Helena Schrader's Historical Fiction

Understanding Ourselves by Understanding the Past.


My biographical novel of Balian d'Ibelin in three parts is complete, but the saga continues. Follow me to Cyprus, where Lusignans and Ibelins struggle to put down a rebellion and establish a durable state. Watch for excerpts and updates here.

Sunday, July 7, 2013

The Occitan Resistance

The Albigensian Crusade, which I talked about in my last post, resulted in a bitter and prolonged conflict, because the people of the Languedoc did not submit docilely to the rule of the King of France or the Pope. For half a century, the Occitan lords and towns fought bitterly for their independence.

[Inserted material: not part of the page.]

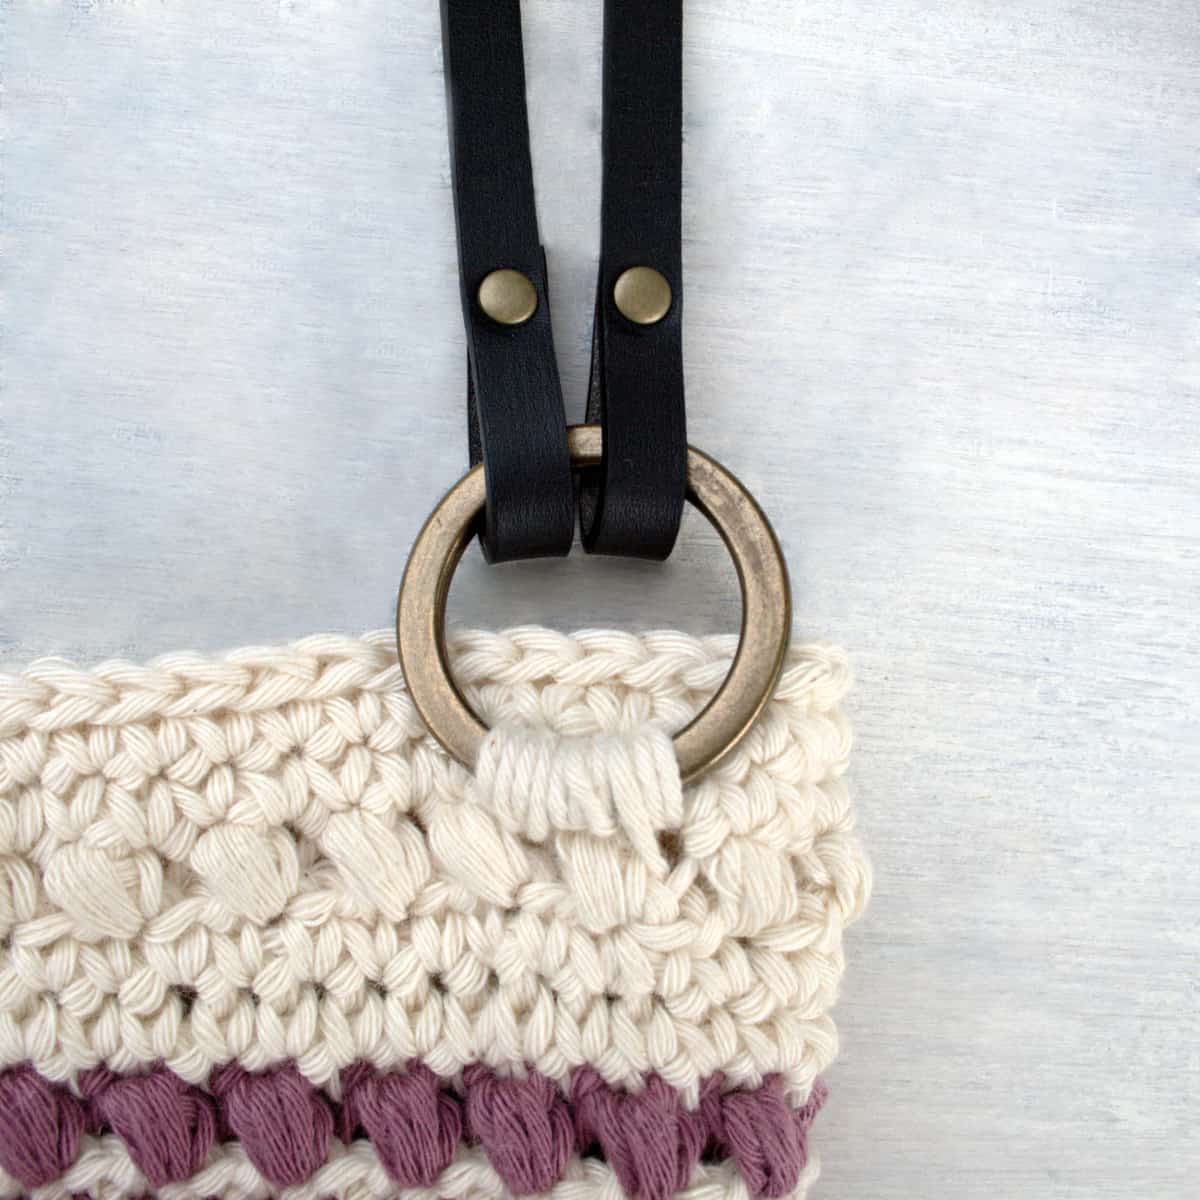 How To Attach the Strap Handles to the Red Clover Mini Tote.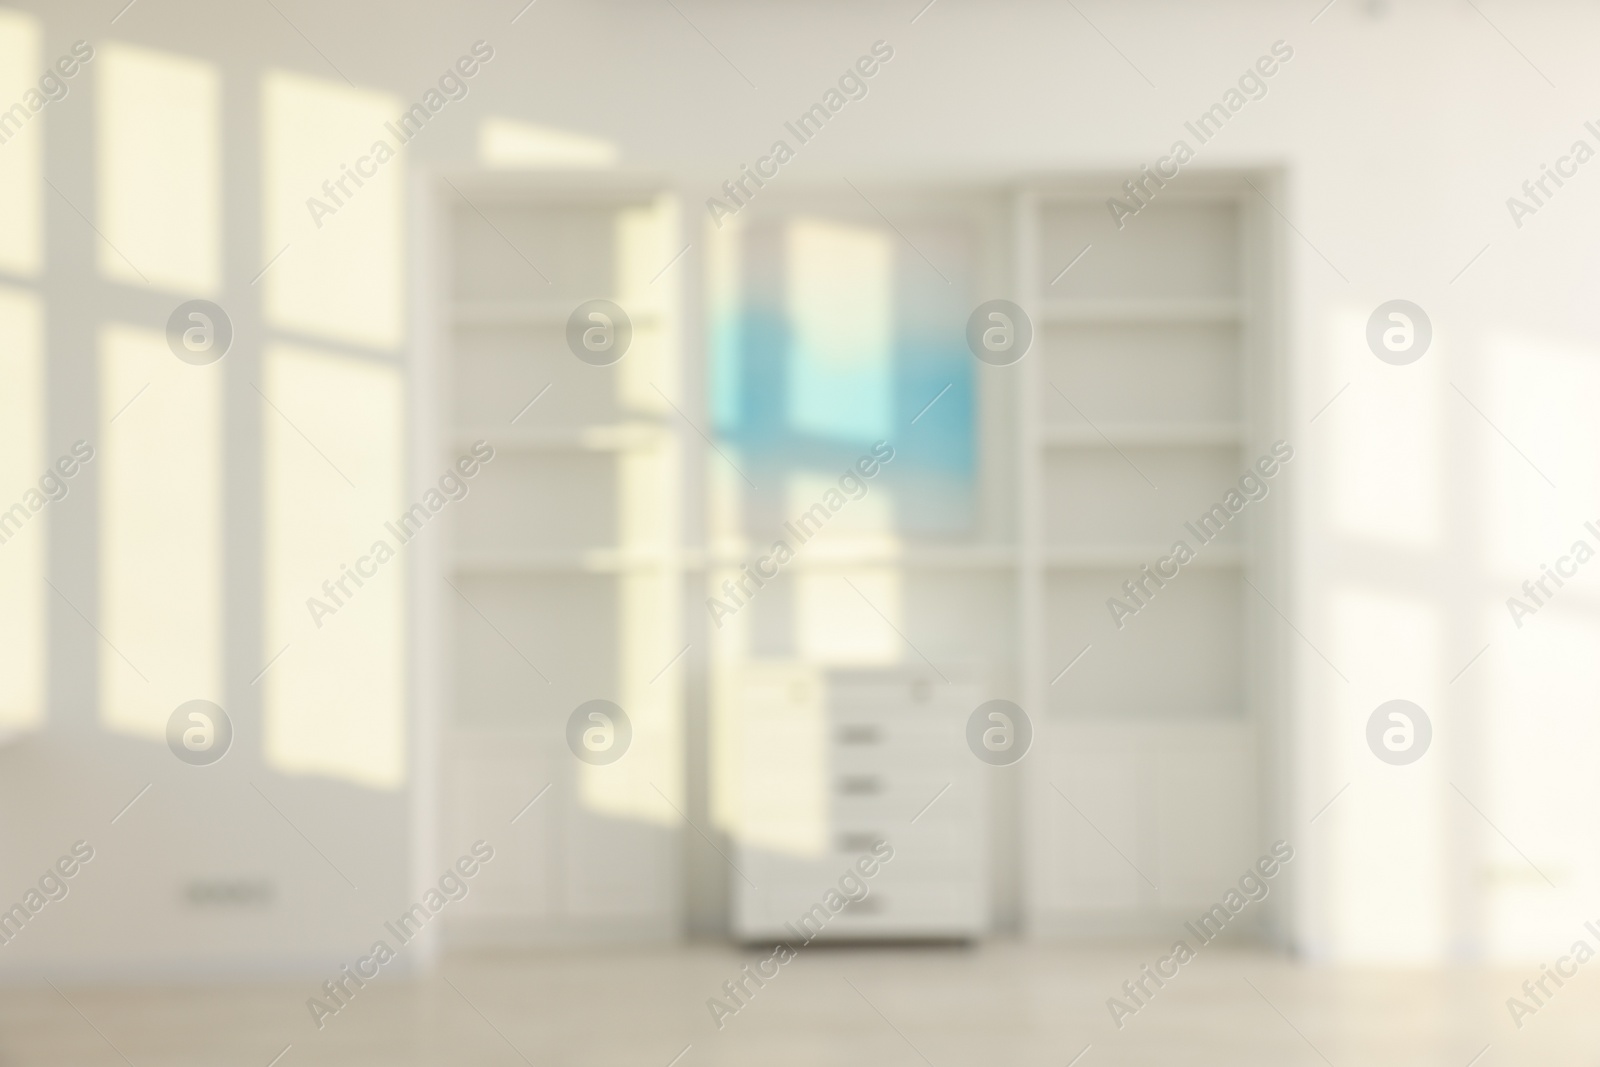 Photo of Blurred view of room with shelving unit and shadows on wall

Nor were the lords of the Languedoc without allies. The King of Aragon, Pedro II, offered his protection to them in 1212, in exchange for them paying homage to him as their overlord. Thinking the King of Spain would be more tolerant of their independent lifestyle – or simply appalled by the atrocities and success of Simon de Montfort – the bulk of the lords of the Languedoc submitted. However, King Pedro proved no match for Simon de Montfort on the battlefield; he was defeated and killed at the Battle of Muret in September 1213. In a second attempt to gain support from a powerful foreign ruler, Raymond VII, the son of Joanna Plantagenet, the sister of Richard I (the Lionheart) and John I of England, forged an alliance in 1241 with his uncle King Henry III, but the army of Louis IX of France defeated the English at Taillebourg a year later.
In short, the bulk of the fighting fell to the intractable people of the Languedoc. Simon de Montfort, the most successful and ruthless of the French invaders, was forced to fight a total of 43 battles or sieges in just 9 years. This was a clear indication of how little he was accepted in the territories given him by the Pope (the Viscountship of Béziers and Carcassonne and the County of Toulouse). He was killed during a second siege of Toulouse in 1218 – allegedly by a stone flung from a mangonel (medieval mechanical stone thrower) manned by women.
His son Amaury tried to continue the war, receiving support from Prince Louis of France (later Louis VIII), but Amaury lacked his father’s military skills or his luck. In 1220, Guy de Montfort, Amaury’s younger brother, was killed in yet another siege, and by 1224, Amaury de Montfort had had enough. He surrendered the lands and titles for which he, his father, and his brothers had fought so bitterly for 15 years and returned to France. For a moment it looked as if the lords of the Languedoc had won.
But the Cathar heresy had not been eradicated, and this provided an excuse for a new crusade. In 1226, Louis VIII took the cross and again brought an army of northern barons and mercenaries into the Languedoc. Within 3 years, the resistance of the southern lords had been broken, and the counts of Toulouse and Foix signed treaties with the French, now led by Louis IX, after his father’s death in 1226.
This time, the Inquisition came with the invaders and established the University of Toulouse to conduct “inquiries” into the Cathar heresy. The systematic methods of the Inquisition made it increasingly difficult for Cathars, particularly the so-called Perfects, the priests (and priestesses) of the Cathars, to survive in the towns and villages of the Languedoc. They retreated more and more to the few strongholds still defended by lords sympathetic to the heresy, notably the mountain fortress of Montsegur. In 1232, the Cathar “Bishop,” Guilhabert de Castres, declared Montsegur the “seat and head” of the Cathar Church. The castle was under the protection of the lords of Pereille and Mirepoix.
The last armed uprising against the French was led by Raymond-Roger de Trencavel, the son of the last Viscount.  His father had died in his own dungeon at Carcassonne after surrendering to Simon de Montfort in 1209. In 1240, the younger Trencavel made an attempt to recapture his birthright by force. He was supported by many young men from disinherited families, the so-called faydits. It was some of these desperate men who, on May 28, 1242, murdered 2 inquisitors and some of their servants in Avignonet. It had been the murder of the Papal Legate, Pierre of Castlenau, in 1208 that provoked the first “Albigensian Crusade,” of 1209. The murder of 2 inquisitors in 1242 was the final straw that onvinced the French King it was necessary to destroy the Cathar stronghold of Montsegur.
In 1243, the siege of Montsegur began. By March of the next year, the garrison had suffered a number of casualties, and an outpost had already fallen to the besiegers. The defenders sought and obtained a truce. On March 16, the forces of the King of France took control of Montsegur. 220 men and women, some “Perfects” and some defenders who converted to the Cathar faith now that they could no longer bear arms in its defense, refused to abjure their heresy and were burned at the stake.